While the phenomenon has resulted in great successes for some brands, and tough losses for others, the very idea of ‘affordable luxury’ shows that having nice things is no longer the preserve of the elite.
This idea of the accessibility of quality is one key part to the Upgrade trend. Consumers are looking to take the money they spend in their everyday lives much further than it would have been possible to until recently. The Aldi and Lidl phenomenon have played a large part in developing consumers’ taste for the premium as they continue to expand across different continents, and this year Aldi has continued to tempt those with an eye for Upgrade with a range of caviar skincare products.
Yet whilst the concept of affordable luxury is one part of Upgrade, another part involves a complete reversal of this concept: the creation of exclusive, high-ticket variations of traditionally mundane or everyday products.

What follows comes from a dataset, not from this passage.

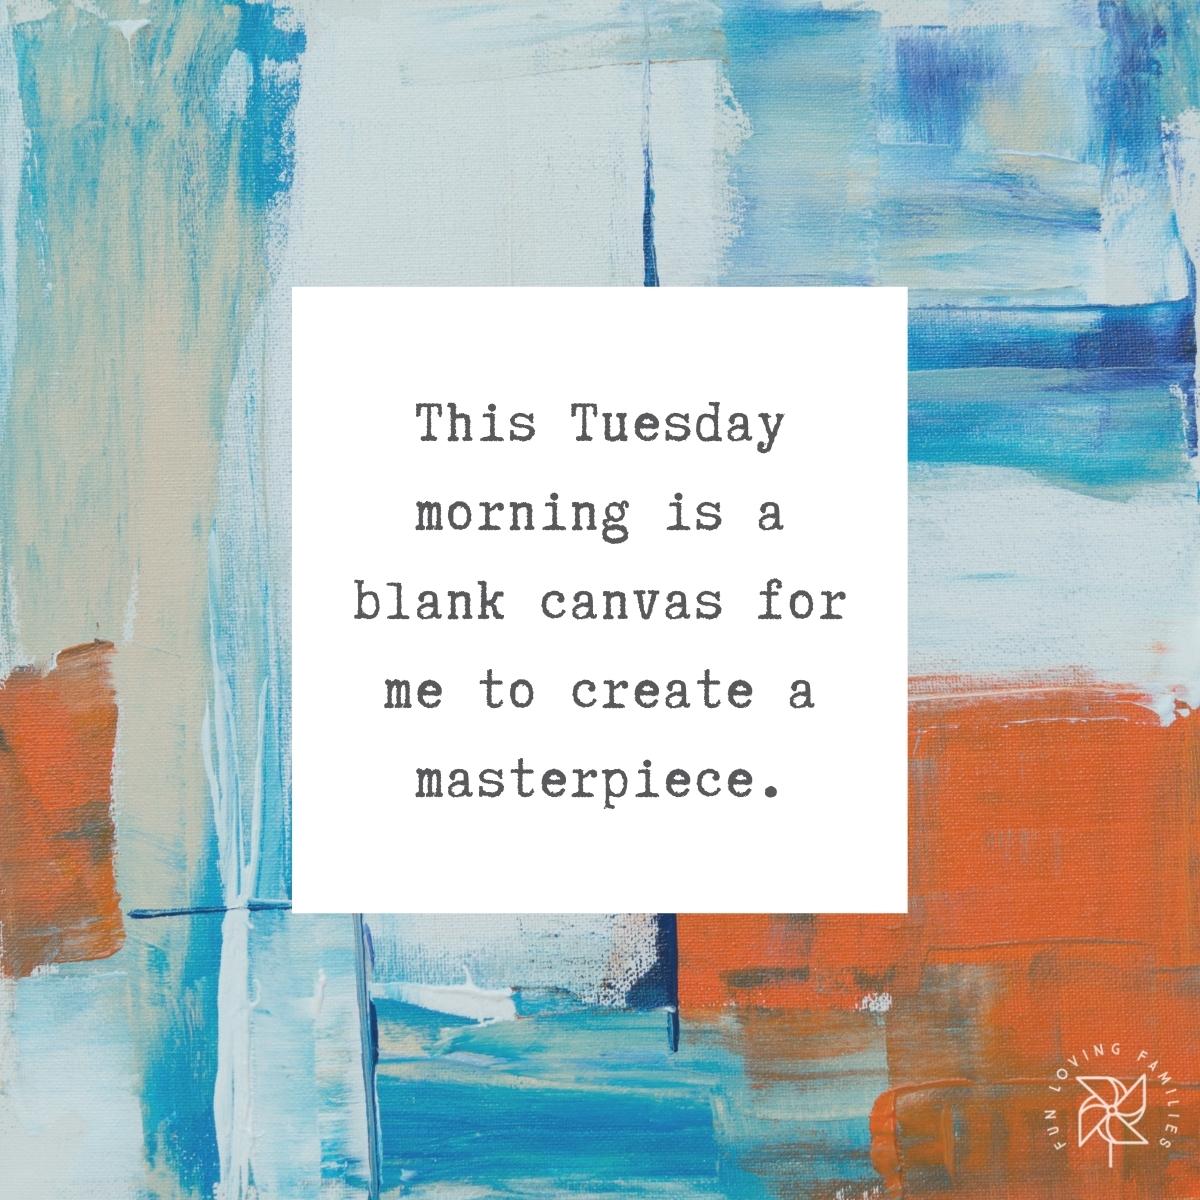 This Tuesday morning is a blank canvas for me to create a masterpiece affirmation image
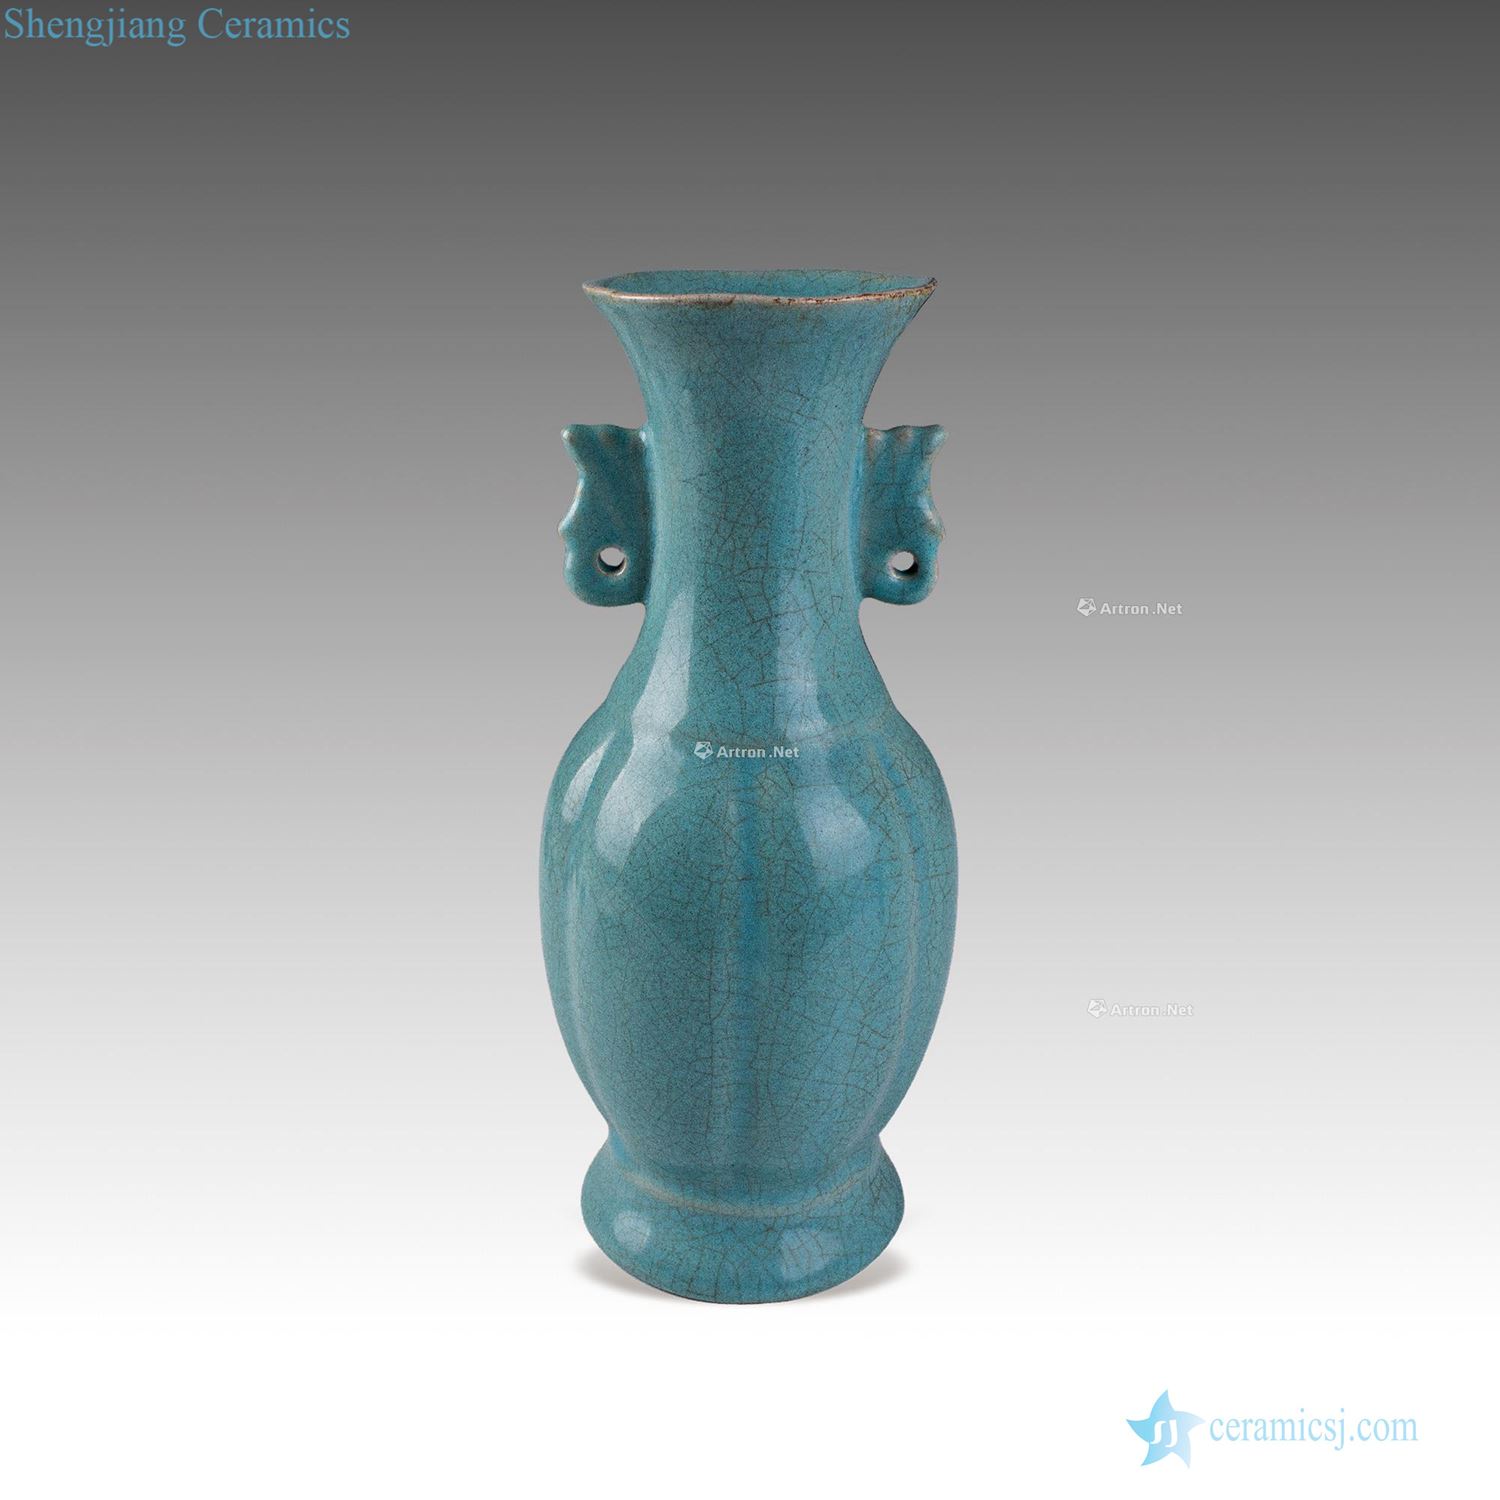 The song dynasty Your kiln melon leng fung ears mouth bottle

A doughnut is probably the last thing that comes to mind whn one thinks of fine dining, but this extravagant $100 specimen is an example of this trend towards the upgrading of the everyday. It’s existence is driven by the same fundamental factors as the symbolic Aldi lobster tail: a desire for improved quality; a better product; a more valuable experience; and crucially, an opportunity to enhance self-worth.
And this is what Upgrade is all about – whether you have a lot of money to spend, or just a little, it is always nicer to buy better, and importantly, to buy quality, and businesses are increasingly responding to this desire.